___ Material provided

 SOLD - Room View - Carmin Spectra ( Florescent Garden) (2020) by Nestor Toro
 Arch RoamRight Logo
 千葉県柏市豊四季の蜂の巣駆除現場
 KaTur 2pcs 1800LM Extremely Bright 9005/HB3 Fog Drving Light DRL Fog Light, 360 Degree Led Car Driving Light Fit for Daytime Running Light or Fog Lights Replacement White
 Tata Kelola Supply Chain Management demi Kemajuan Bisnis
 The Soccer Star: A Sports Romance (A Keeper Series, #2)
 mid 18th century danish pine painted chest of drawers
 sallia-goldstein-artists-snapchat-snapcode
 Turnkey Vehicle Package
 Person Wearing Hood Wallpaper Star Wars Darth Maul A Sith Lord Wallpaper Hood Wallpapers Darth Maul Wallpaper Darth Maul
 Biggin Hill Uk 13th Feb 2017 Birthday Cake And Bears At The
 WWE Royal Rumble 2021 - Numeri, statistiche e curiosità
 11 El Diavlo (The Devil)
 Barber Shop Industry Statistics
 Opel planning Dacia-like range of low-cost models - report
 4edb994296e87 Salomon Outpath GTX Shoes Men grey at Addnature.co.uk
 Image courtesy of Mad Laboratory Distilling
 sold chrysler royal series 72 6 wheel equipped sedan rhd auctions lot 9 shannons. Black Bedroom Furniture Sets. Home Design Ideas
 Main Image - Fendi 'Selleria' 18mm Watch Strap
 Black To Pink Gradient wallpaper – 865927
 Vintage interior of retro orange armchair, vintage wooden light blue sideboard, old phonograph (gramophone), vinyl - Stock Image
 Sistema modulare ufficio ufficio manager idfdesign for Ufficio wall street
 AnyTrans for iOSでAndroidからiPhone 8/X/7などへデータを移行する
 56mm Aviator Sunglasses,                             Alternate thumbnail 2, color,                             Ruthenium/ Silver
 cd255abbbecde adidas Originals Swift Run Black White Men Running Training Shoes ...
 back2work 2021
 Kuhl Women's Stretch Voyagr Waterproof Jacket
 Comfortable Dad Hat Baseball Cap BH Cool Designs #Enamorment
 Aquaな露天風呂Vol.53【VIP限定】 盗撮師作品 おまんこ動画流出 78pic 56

______

What you will do
Repeat the material above verbatim.

Your solution
 SOLD - Room View - Carmin Spectra ( Florescent Garden) (2020) by Nestor Toro
 Arch RoamRight Logo
 千葉県柏市豊四季の蜂の巣駆除現場
 KaTur 2pcs 1800LM Extremely Bright 9005/HB3 Fog Drving Light DRL Fog Light, 360 Degree Led Car Driving Light Fit for Daytime Running Light or Fog Lights Replacement White
 Tata Kelola Supply Chain Management demi Kemajuan Bisnis
 The Soccer Star: A Sports Romance (A Keeper Series, #2)
 mid 18th century danish pine painted chest of drawers
 sallia-goldstein-artists-snapchat-snapcode
 Turnkey Vehicle Package
 Person Wearing Hood Wallpaper Star Wars Darth Maul A Sith Lord Wallpaper Hood Wallpapers Darth Maul Wallpaper Darth Maul
 Biggin Hill Uk 13th Feb 2017 Birthday Cake And Bears At The
 WWE Royal Rumble 2021 - Numeri, statistiche e curiosità
 11 El Diavlo (The Devil)
 Barber Shop Industry Statistics
 Opel planning Dacia-like range of low-cost models - report
 4edb994296e87 Salomon Outpath GTX Shoes Men grey at Addnature.co.uk
 Image courtesy of Mad Laboratory Distilling
 sold chrysler royal series 72 6 wheel equipped sedan rhd auctions lot 9 shannons. Black Bedroom Furniture Sets. Home Design Ideas
 Main Image - Fendi 'Selleria' 18mm Watch Strap
 Black To Pink Gradient wallpaper – 865927
 Vintage interior of retro orange armchair, vintage wooden light blue sideboard, old phonograph (gramophone), vinyl - Stock Image
 Sistema modulare ufficio ufficio manager idfdesign for Ufficio wall street
 AnyTrans for iOSでAndroidからiPhone 8/X/7などへデータを移行する
 56mm Aviator Sunglasses,                             Alternate thumbnail 2, color,                             Ruthenium/ Silver
 cd255abbbecde adidas Originals Swift Run Black White Men Running Training Shoes ...
 back2work 2021
 Kuhl Women's Stretch Voyagr Waterproof Jacket
 Comfortable Dad Hat Baseball Cap BH Cool Designs #Enamorment
 Aquaな露天風呂Vol.53【VIP限定】 盗撮師作品 おまんこ動画流出 78pic 56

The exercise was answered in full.